Please make an exact copy of the lines from the one holding "Cranio umano con" through the end of the data, both ends included, with no pictures.

======== Collected data ========

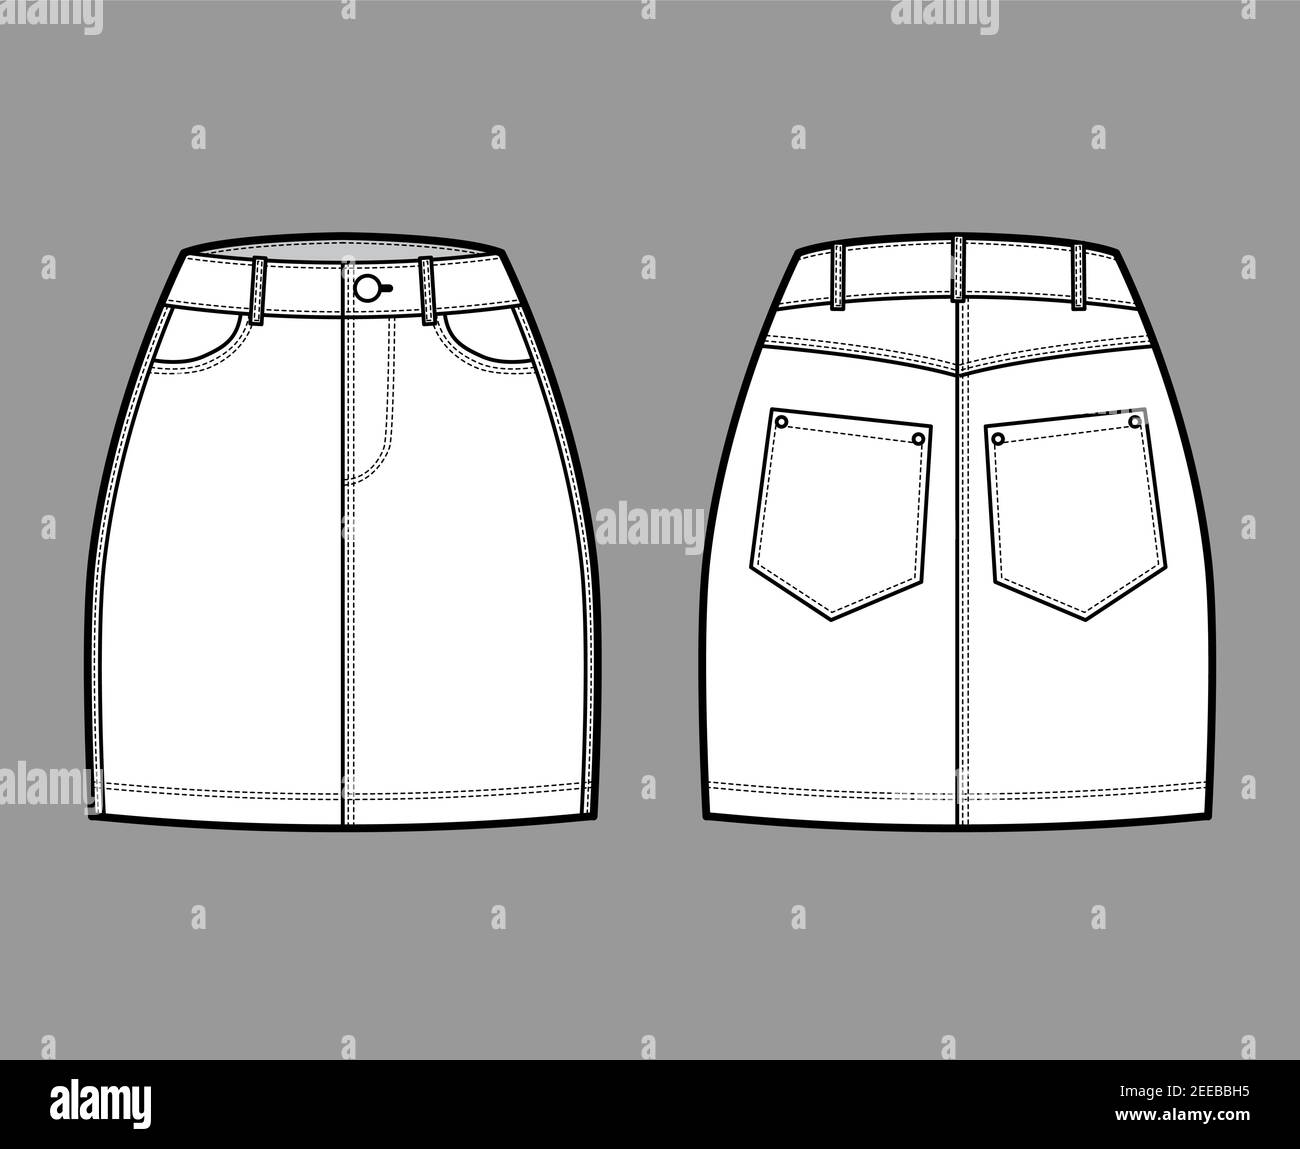 Denim mini skirt Stock Vector Images - Alamy
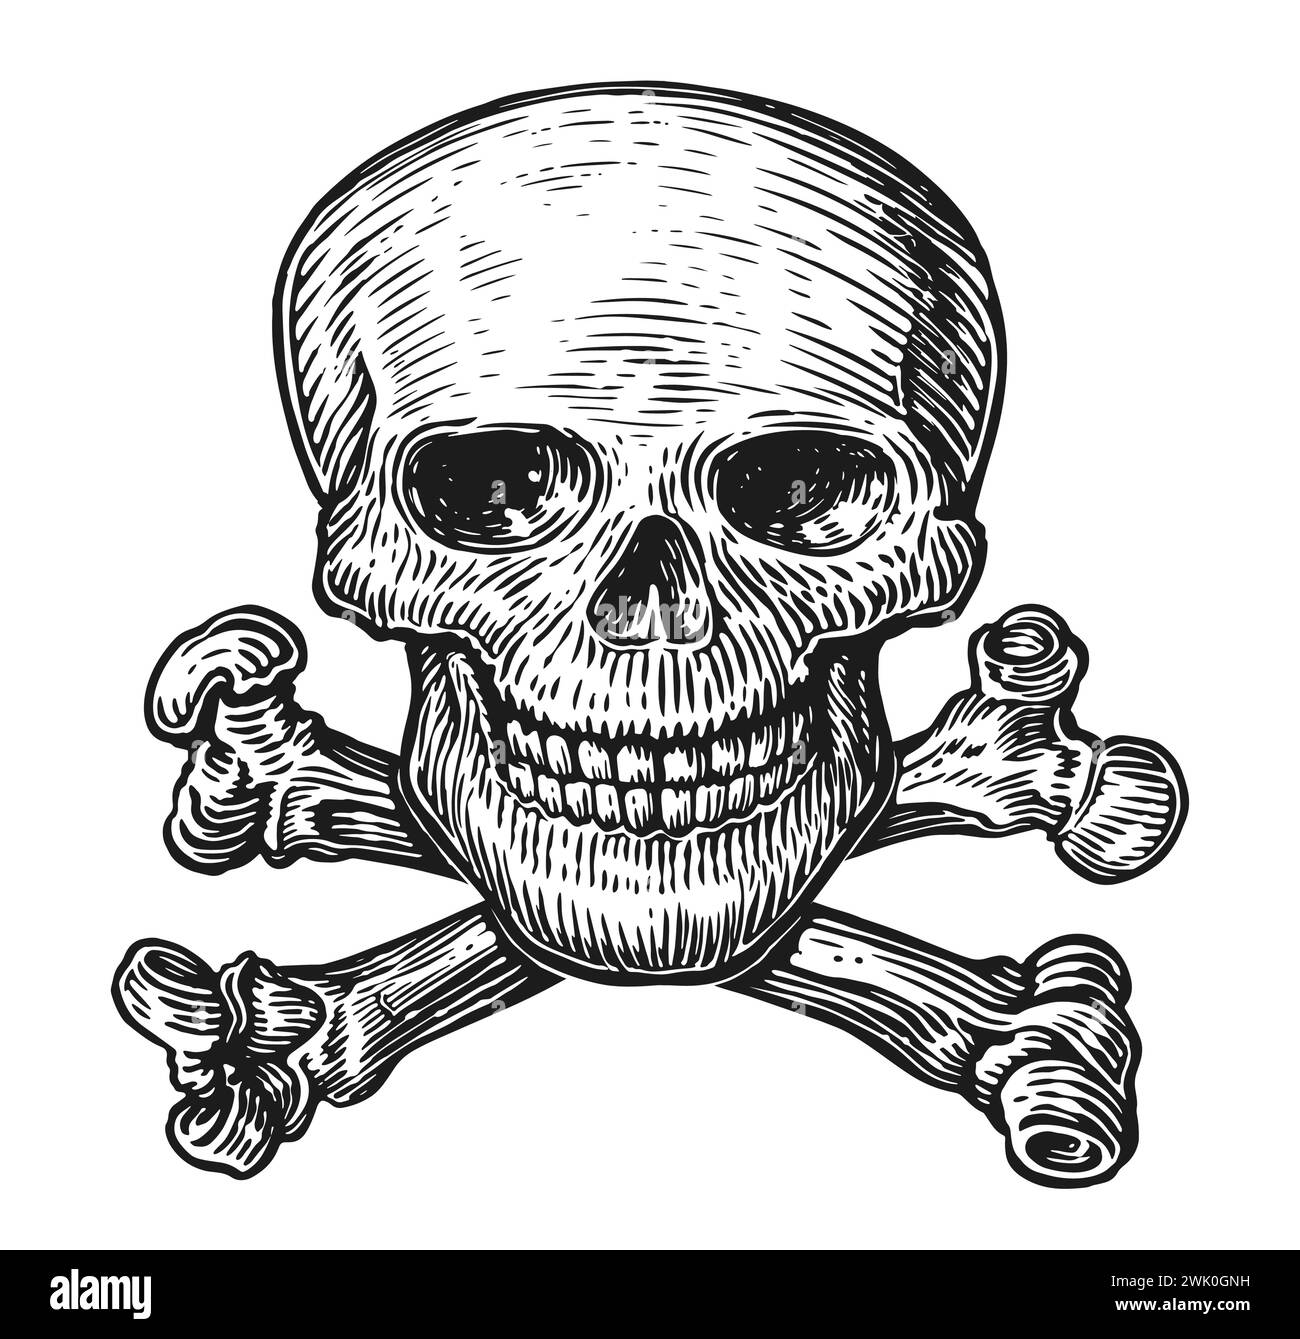 Cranio umano con ossa incrociate. Bianco e nero, illustrazione vettoriale isolata su sfondo bianco Illustrazione Vettoriale
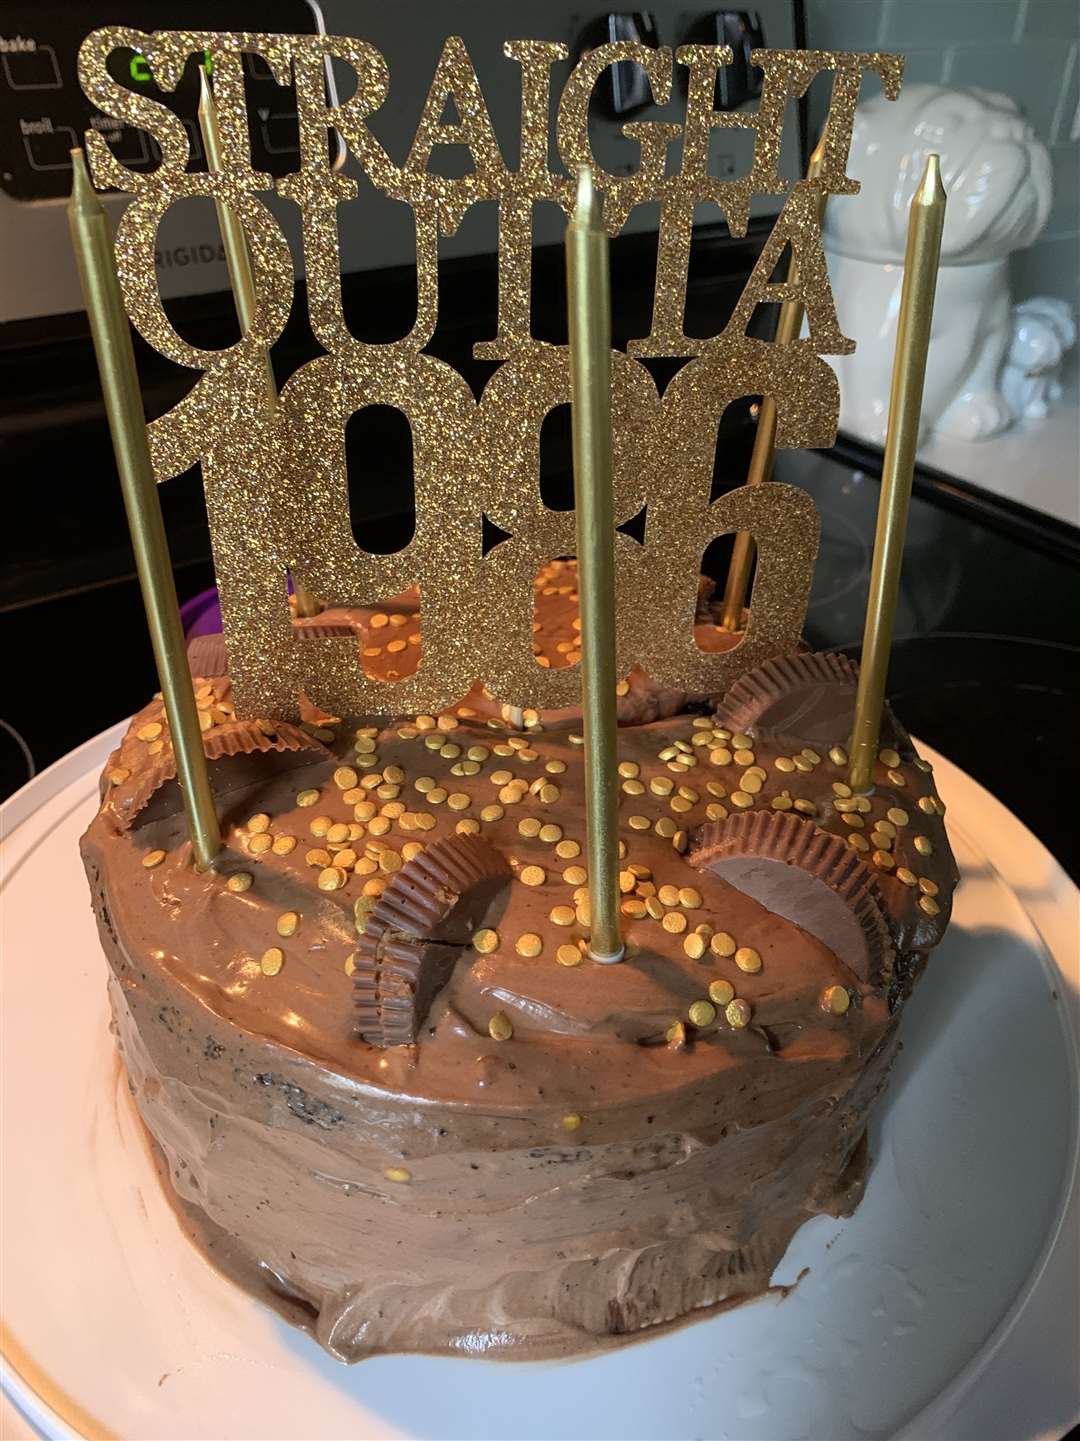 The cake Diane baked for Garrett’s birthday last year.

========

Reply =
 Cranio umano con ossa incrociate. Bianco e nero, illustrazione vettoriale isolata su sfondo bianco Illustrazione Vettoriale
 The cake Diane baked for Garrett’s birthday last year.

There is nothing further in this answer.